L'attention réglementaire ne s'est pas limitée aux entreprises opérant sans enregistrement.
Plus tôt cette année, les bourses nationales se sont opposées aux changements proposés qui exigeraient qu'elles signalent les transferts de crypto liés à l'étranger d'une valeur d'au moins 10 millions de wons comme transactions suspectes.
Une proposition réglementaire de mai a suscité des objections de la part de la Digital Asset Exchange Alliance (DAXA), qui représente les fournisseurs de services d'actifs virtuels enregistrés en Corée du Sud.
La DAXA a estimé que cette règle pourrait faire passer les rapports annuels de transactions suspectes chez Upbit, Bithumb, Coinone, Korbit et Gopax d'environ 63 000 à plus de 5,4 millions.
L'association a fait valoir que l'application d'un seuil monétaire automatique pourrait entraîner le signalement d'un grand nombre de transferts transfrontaliers ordinaires, quel que soit le risque associé au client ou à la contrepartie.
Le litige concernait également le traitement des plateformes étrangères. Les régulateurs ont cherché à renforcer les contrôles sur les transactions impliquant des fournisseurs de services d'actifs virtuels étrangers, tandis que les bourses locales ont demandé aux autorités des normes plus claires pour déterminer quelles entreprises étrangères devraient être considérées comme à haut risque.
Les décisions d'application en vertu de la même loi sur l'information financière ont déjà donné lieu à des contestations judiciaires. En avril, un tribunal de Séoul a annulé une suspension partielle de trois mois imposée à Dunamu, l'opérateur d'Upbit, après que la FIU ait allégué 44 948 transactions impliquant 19 plateformes étrangères non enregistrées.
Bithumb a séparément obtenu un sursis judiciaire contre une suspension partielle de six mois après que les régulateurs l'aient accusée de défaillances de vérification des clients et de transactions avec des entreprises étrangères non enregistrées. Coinone a également obtenu un recours judiciaire temporaire contre des mesures d'application liées aux exigences de lutte contre le blanchiment d'argent et de vérification des clients.
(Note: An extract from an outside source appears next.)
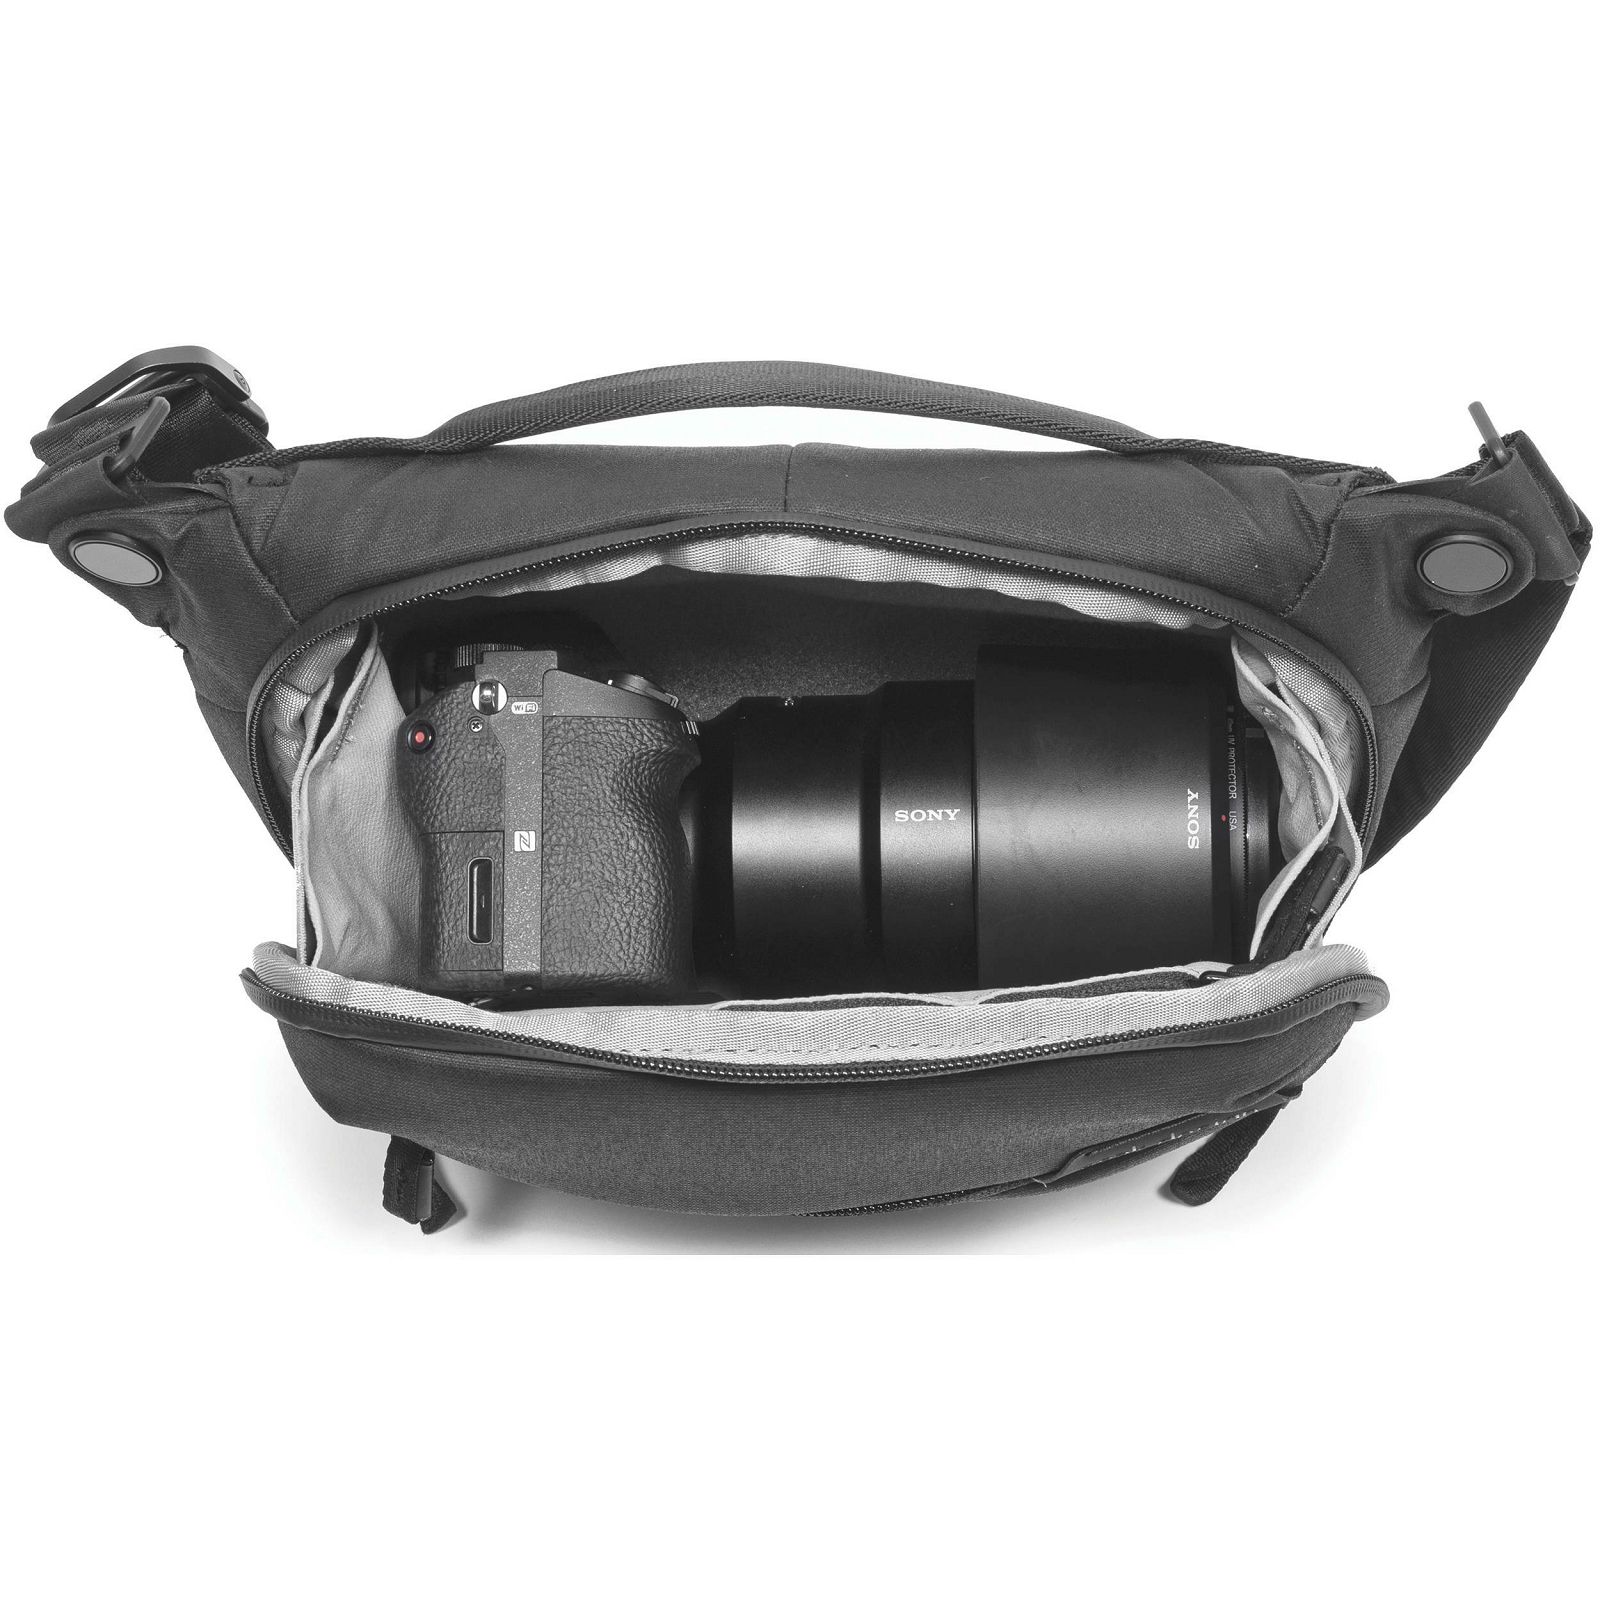 Peak Design Everyday Sling 3L v2 Black crna torba za DSLR fotoaparat (BEDS-3-BK-2)
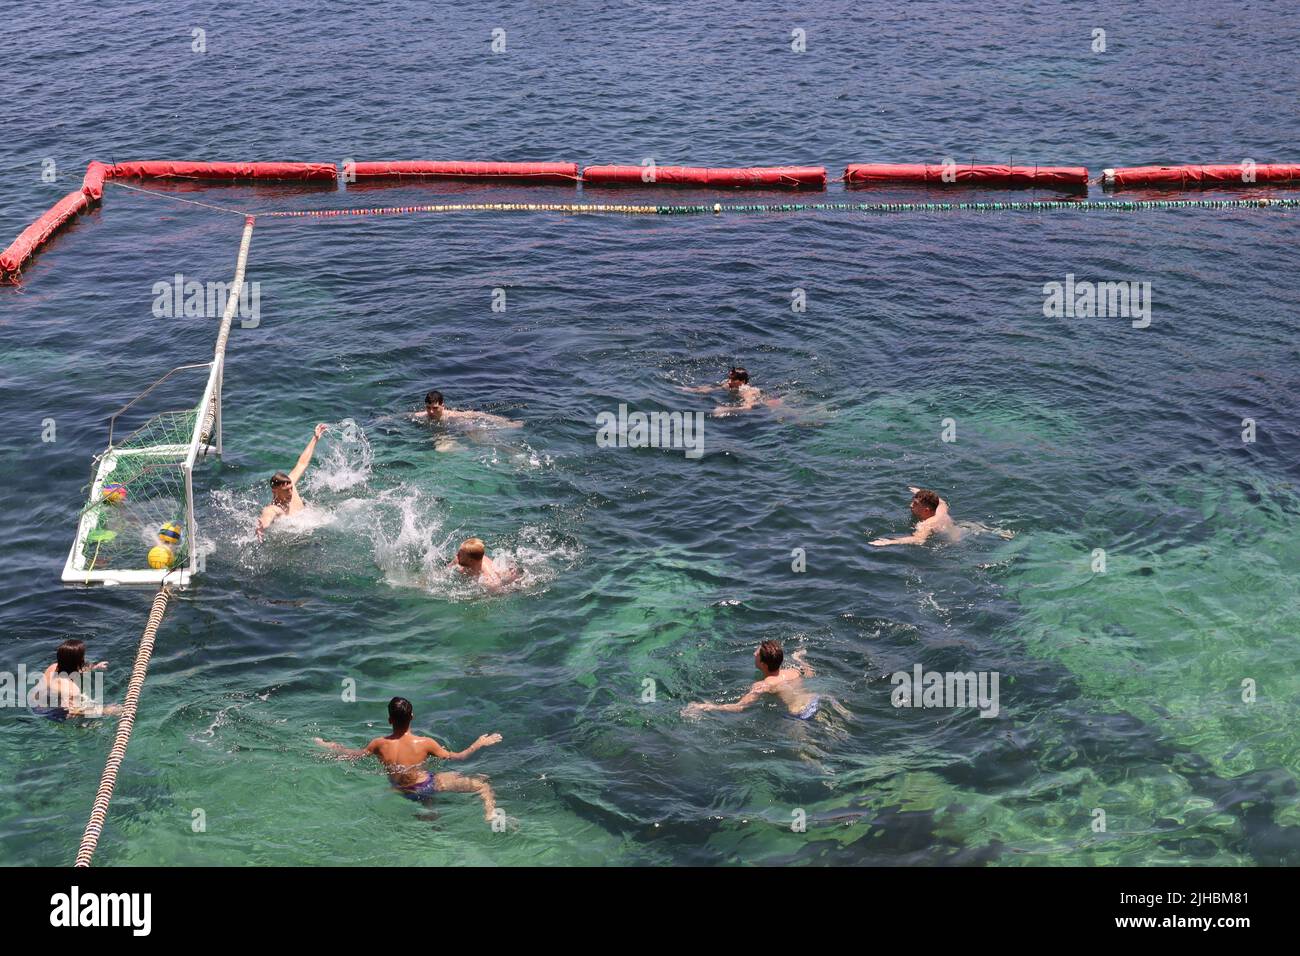 BUT!! Des joueurs de water-polo au cours d'une session d'entraînement dans une partie de la baie à Marsalforn, Gozo, Malte Banque D'Images

La Corée du Sud a également créé une autre voie réglementaire pour les entreprises qui transfèrent des actifs numériques au-delà des frontières nationales.
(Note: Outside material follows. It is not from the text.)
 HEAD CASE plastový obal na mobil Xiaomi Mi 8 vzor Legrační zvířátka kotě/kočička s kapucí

En vertu des amendements à la loi sur les transactions de change, les entreprises gérant des transferts d'actifs virtuels transfrontaliers devront s'enregistrer auprès du ministère de l'Économie et des Finances lorsque le cadre entrera en vigueur en décembre.
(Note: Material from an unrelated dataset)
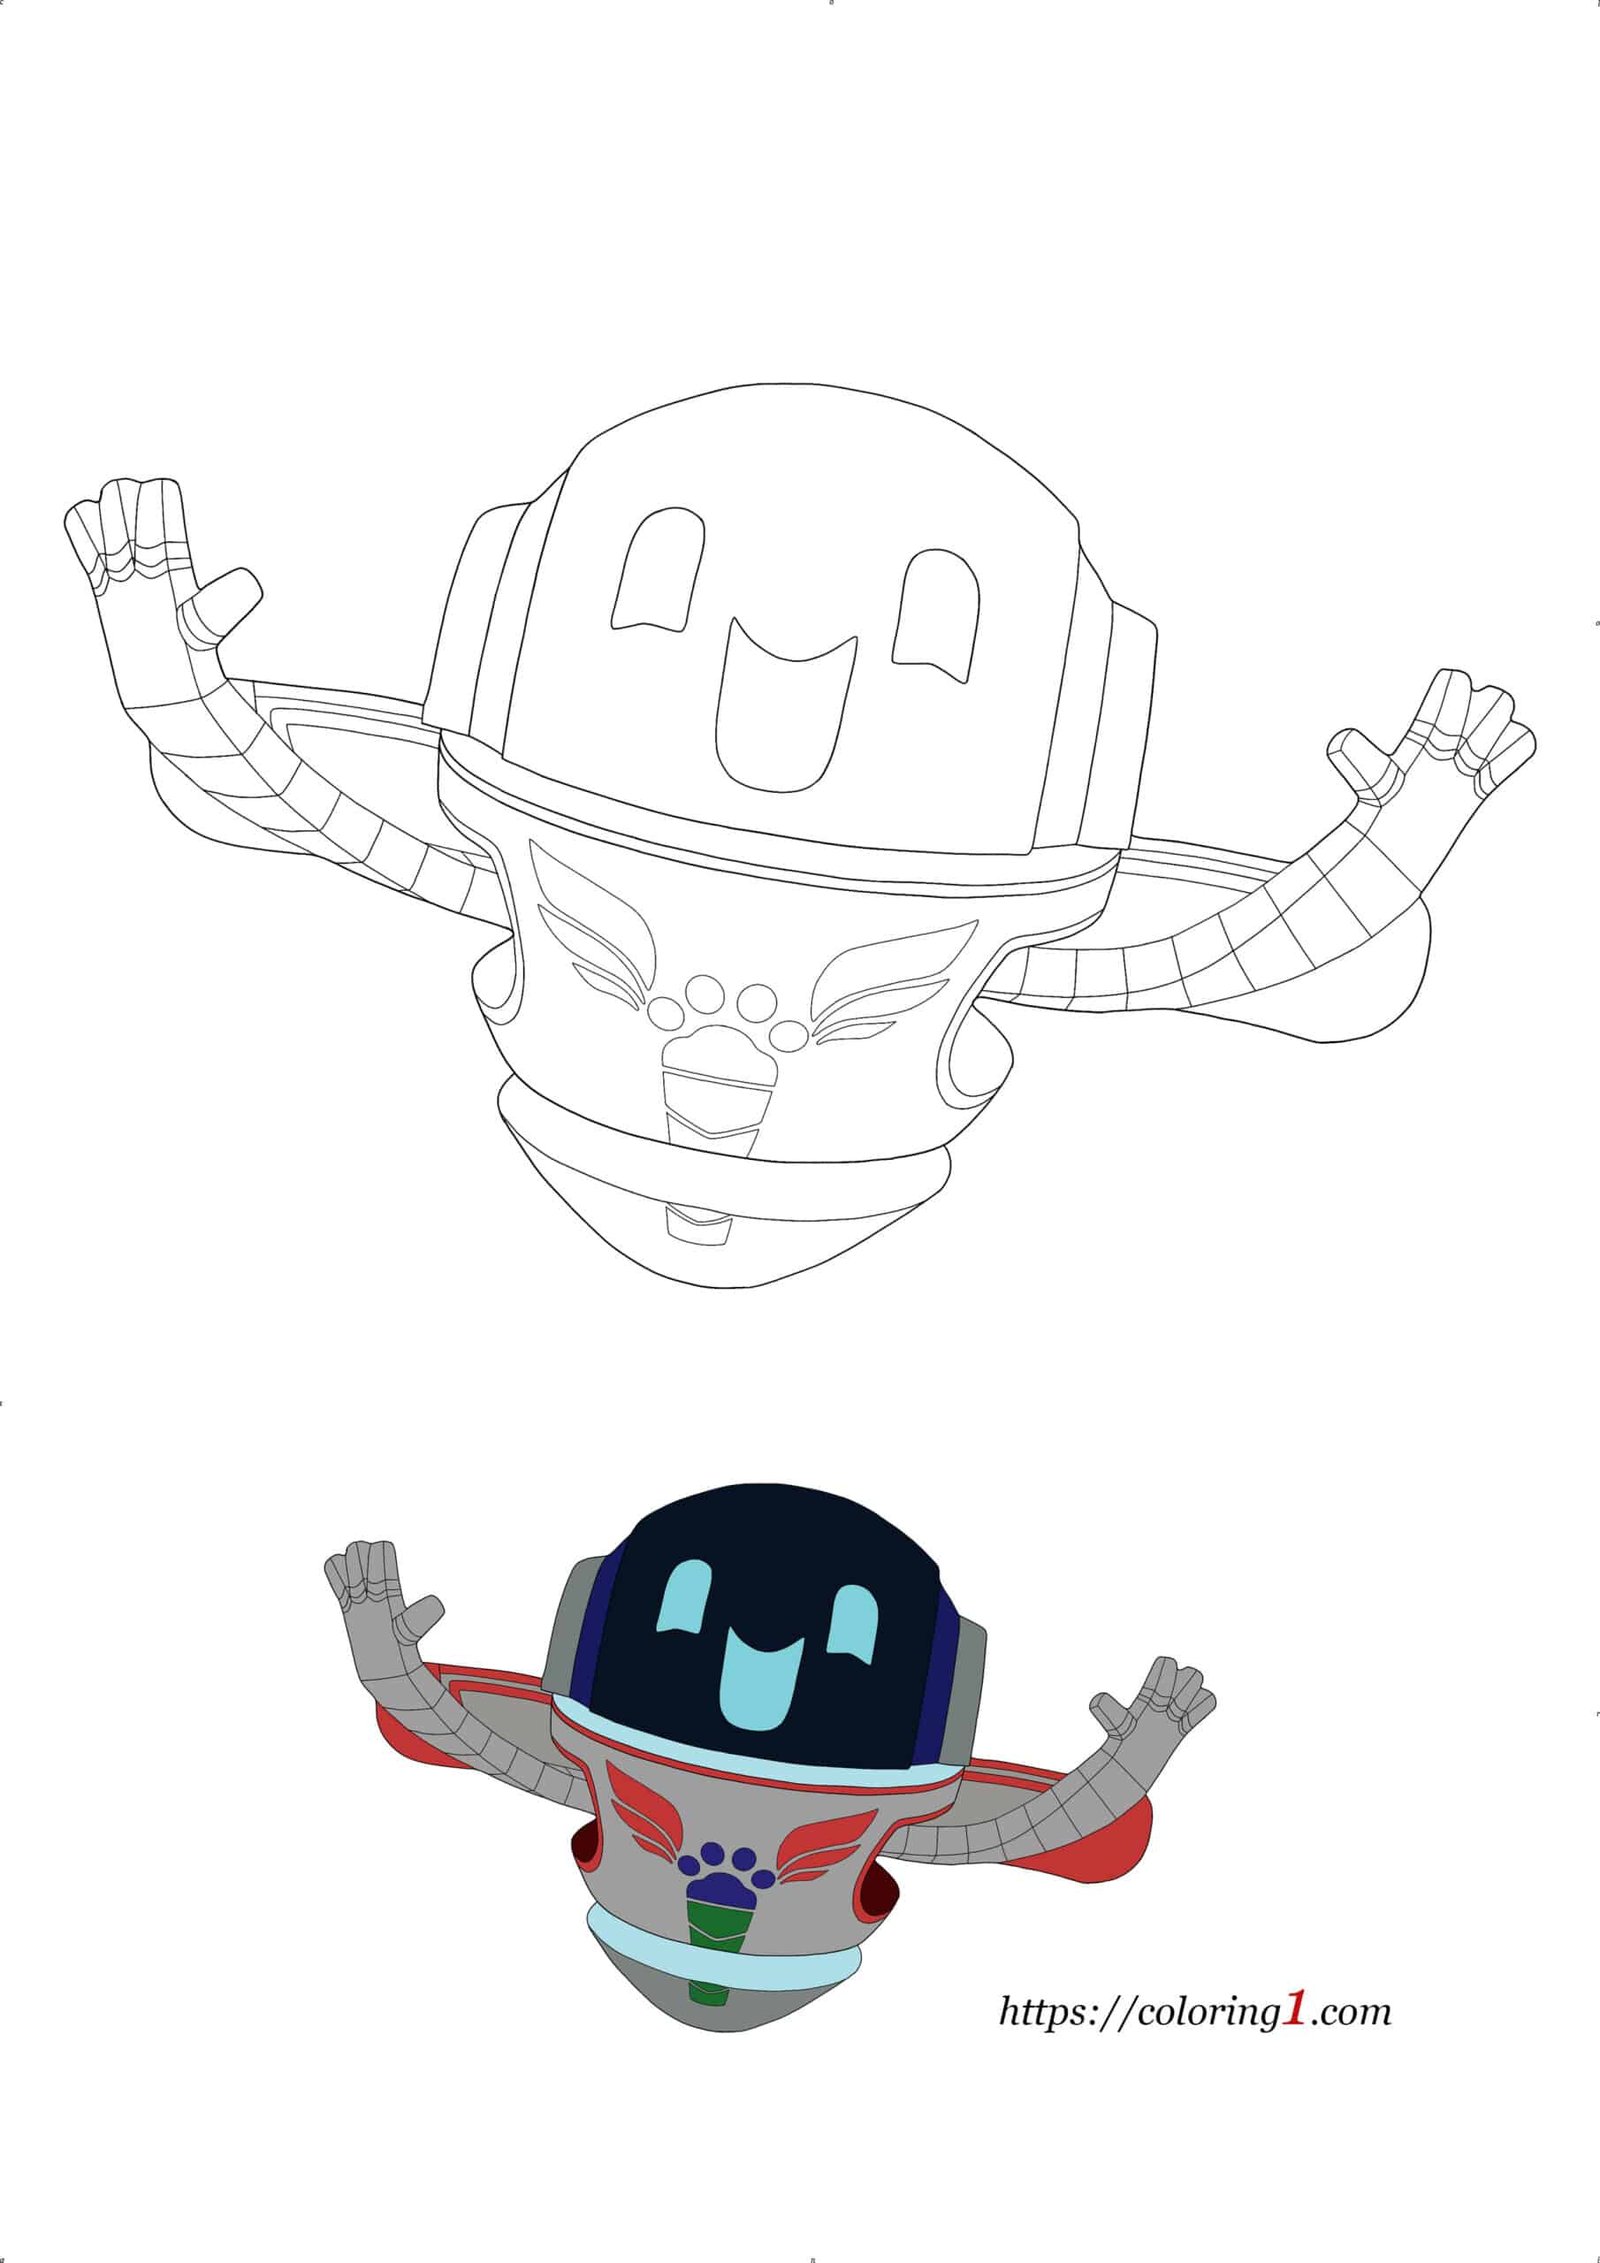 Pj Masks Robot Disney coloring page for kids

Un rapport sur les licences de juin a détaillé comment les autorités préparaient des réglementations d'application qui pourraient permettre aux entreprises de technologie financière éligibles, ainsi qu'aux entreprises crypto, de fournir des services de transfert de fonds transfrontaliers et de change basés sur la blockchain.
Le gouvernement sud-coréen a promulgué la loi révisée le 2 juin avec une période de grâce de six mois. Une fois mise en œuvre, les transferts d'actifs virtuels impliquant la Corée du Sud et un autre pays relèveront du système de change réglementé du pays.
Les entreprises cherchant à fournir ce service devront s'enregistrer auprès du ministère des Finances et déclarer les transferts transfrontaliers admissibles via le réseau de déclaration de change de la Banque de Corée.
Les autorités ont déclaré que les transferts crypto qui opéraient auparavant en dehors du système formel de déclaration de change créaient des risques liés aux transactions de change illicites et au blanchiment d'argent.
Les demandeurs dans le cadre de ce nouveau dispositif doivent d'abord compléter l'enregistrement en tant que fournisseur de services d'actifs virtuels, connecter leurs systèmes aux institutions responsables de la transmission des données de transactions de change et d'actifs numériques, et satisfaire à des exigences supplémentaires concernant les installations et le personnel qualifié.